第9章 マリージョア
「──あぁ、そうだ」
男の人は思い出したようにポケットから何かを取り出した。
それはあたしがよく知ってるもの。
──白い石がついた、青いひも飾り。
男の人は大きな体を窮屈そうに折りたたんでしゃがみ込むと、あたしの足首に器用にそれをくくりつけた。
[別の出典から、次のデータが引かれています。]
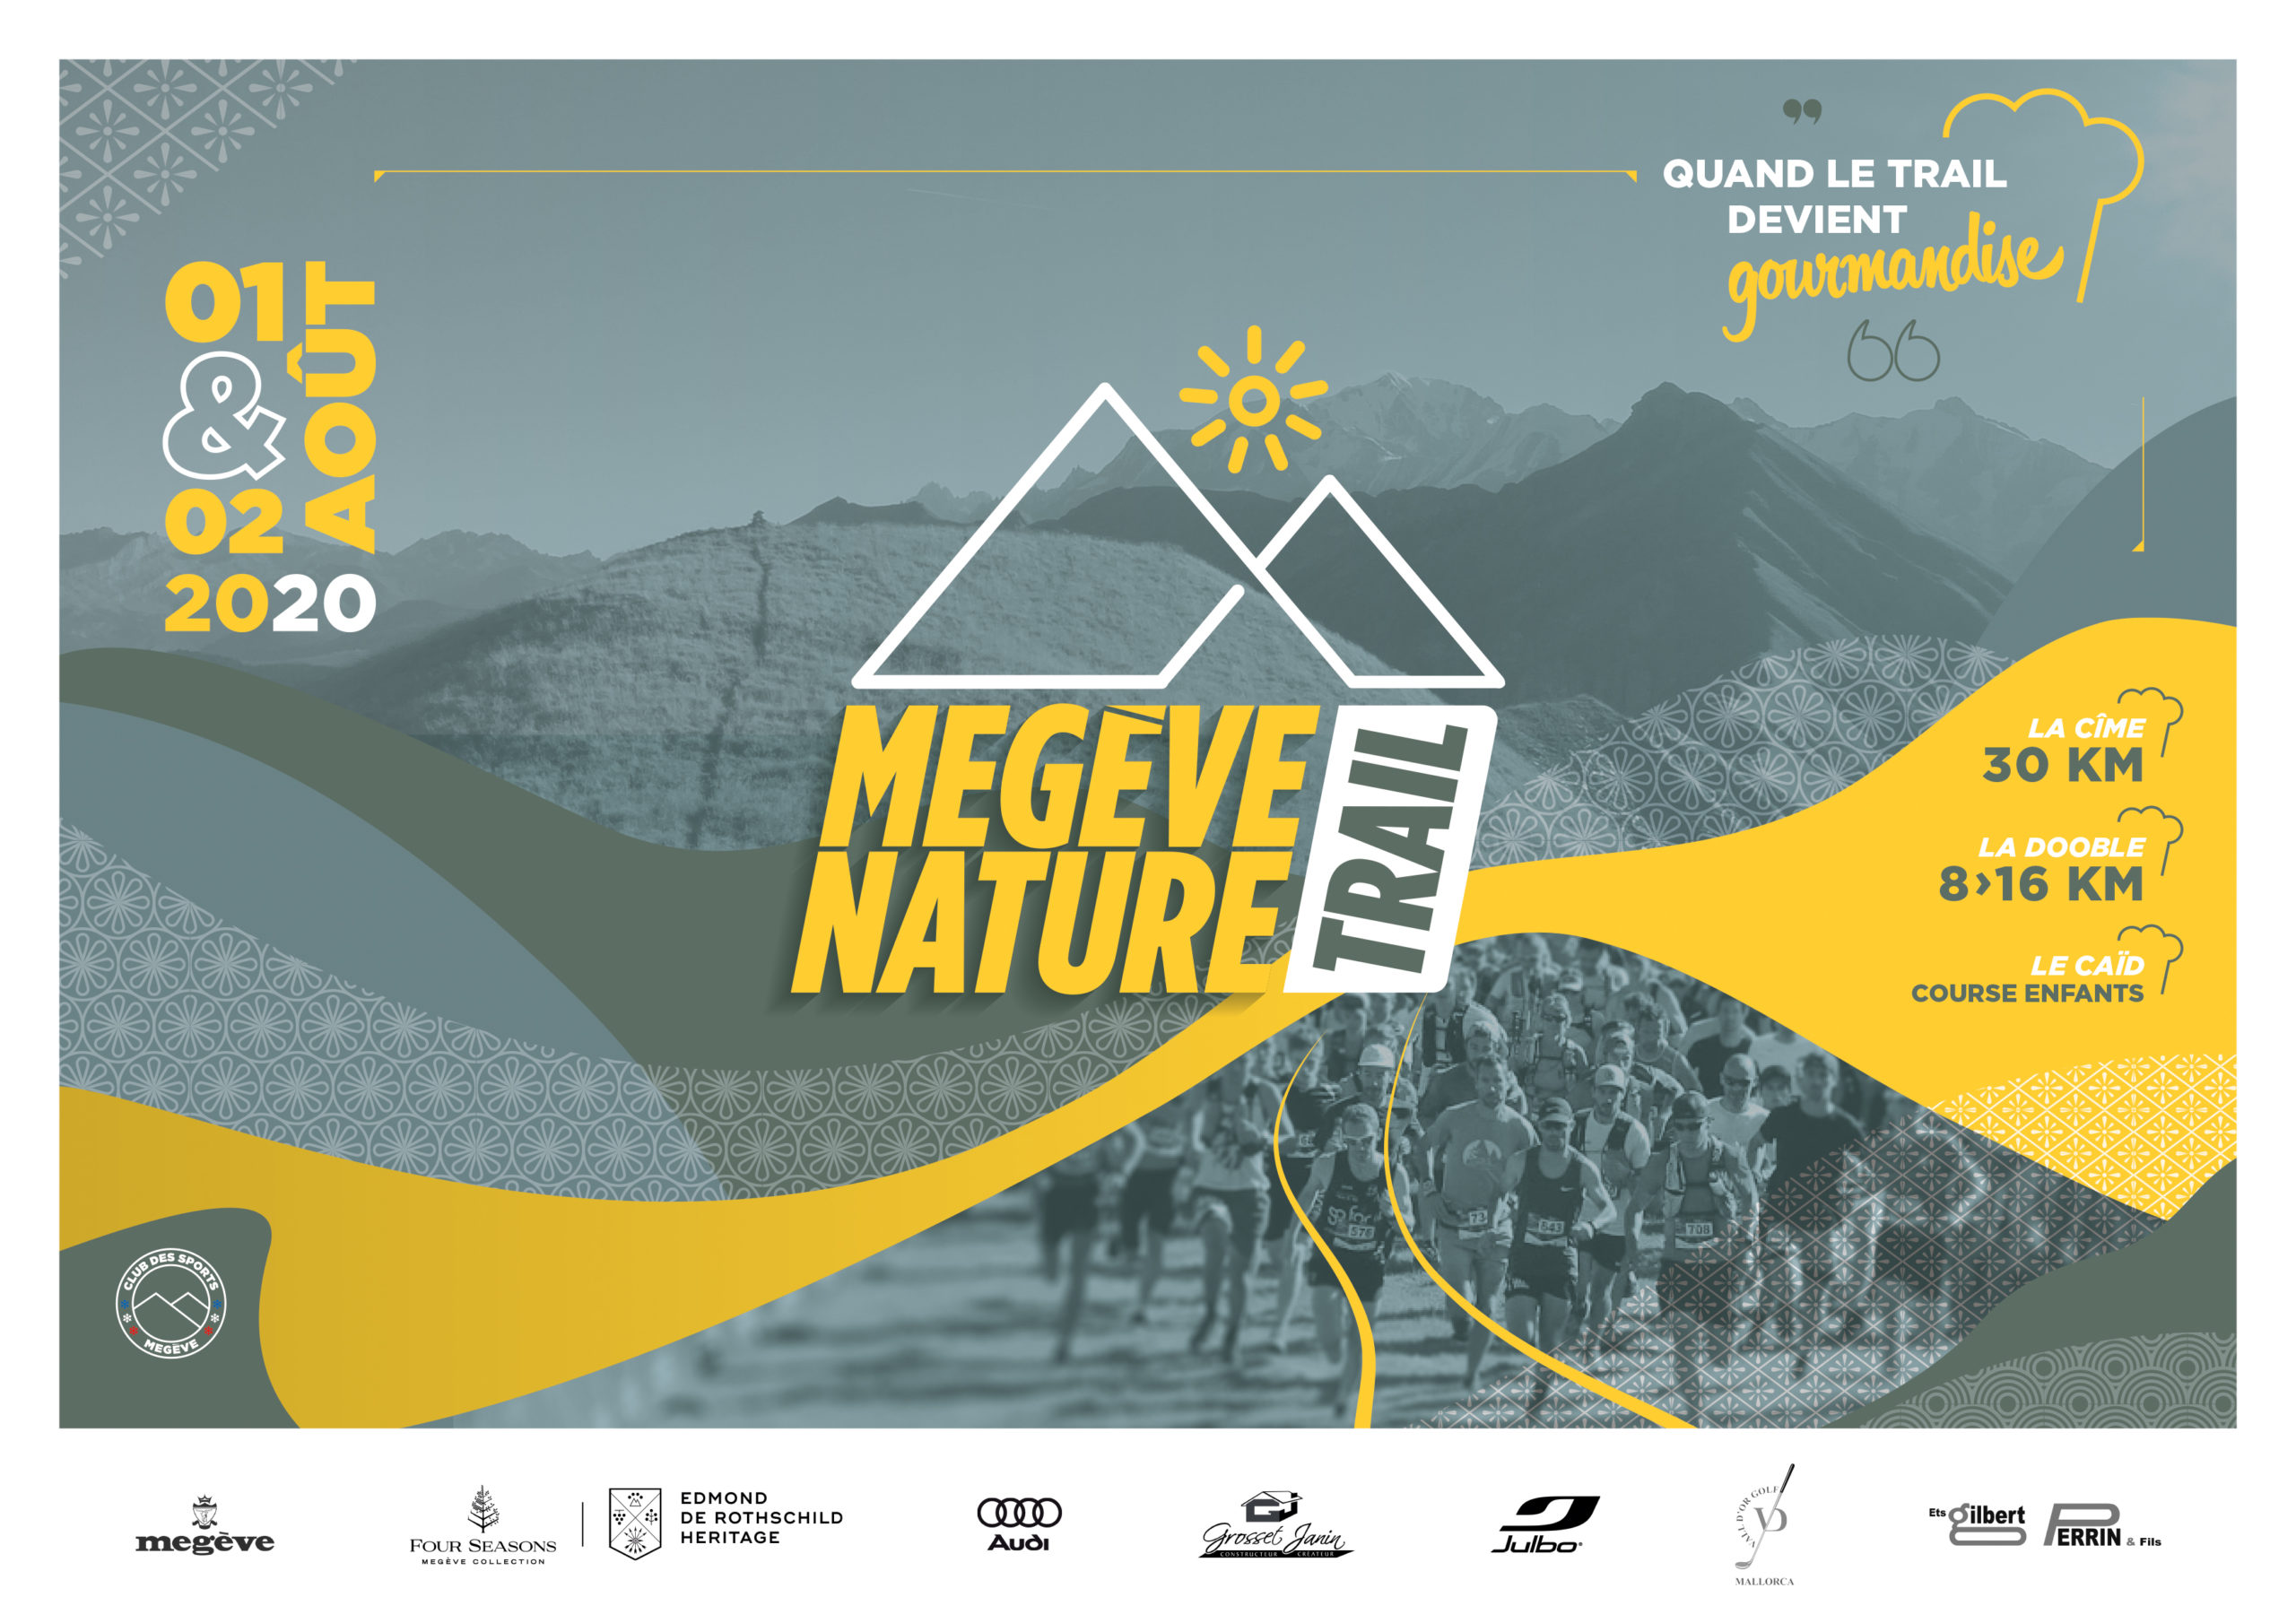 Megève Nature Trail – Informations course

「これは外すんじゃねェぞ。お前を守ってくれるモンだから」
そう言って、ぐしゃぐしゃとあたしの頭をかき混ぜる。
とびっきりの笑顔で。
いや、違う。
──泣きそうなのを隠すための笑顔で。
そんな顔しないでよ。
泣きたいのはこっちだってば。
だって、あなたはここからいなくなるんでしょう?
こんな記憶を見せたところで、あたしまだちっとも分かってないんだから。
あたしの物分かりの悪さ、なめないでちょうだい。ローにもマリーにも何回もため息をつかせたくらいなんだから。
──ねぇ。
あたし、またあなたに会える?
最後にこれだけは聞こうと思った時、
──大きな風が吹いた。
それはもう、全てを吹き飛ばすような凄まじい突風だった。
遠くに見える森がざわざわと音を立て、原っぱの草花がぶわっと舞い上がる。
思わず目を閉じてしまってから、あたしは、あぁしまった、と思った。
また、全ての感覚が無くなっていく。
体も。感情も。記憶も。
この想いも。
ああ。
ほらまた。
あたしはこの人に大事なことを聞けずに。
────全てが、風の中に溶けていった。
薄れゆく意識の中、はるか遠い記憶の向こうで、また、あの人の声がした気がした。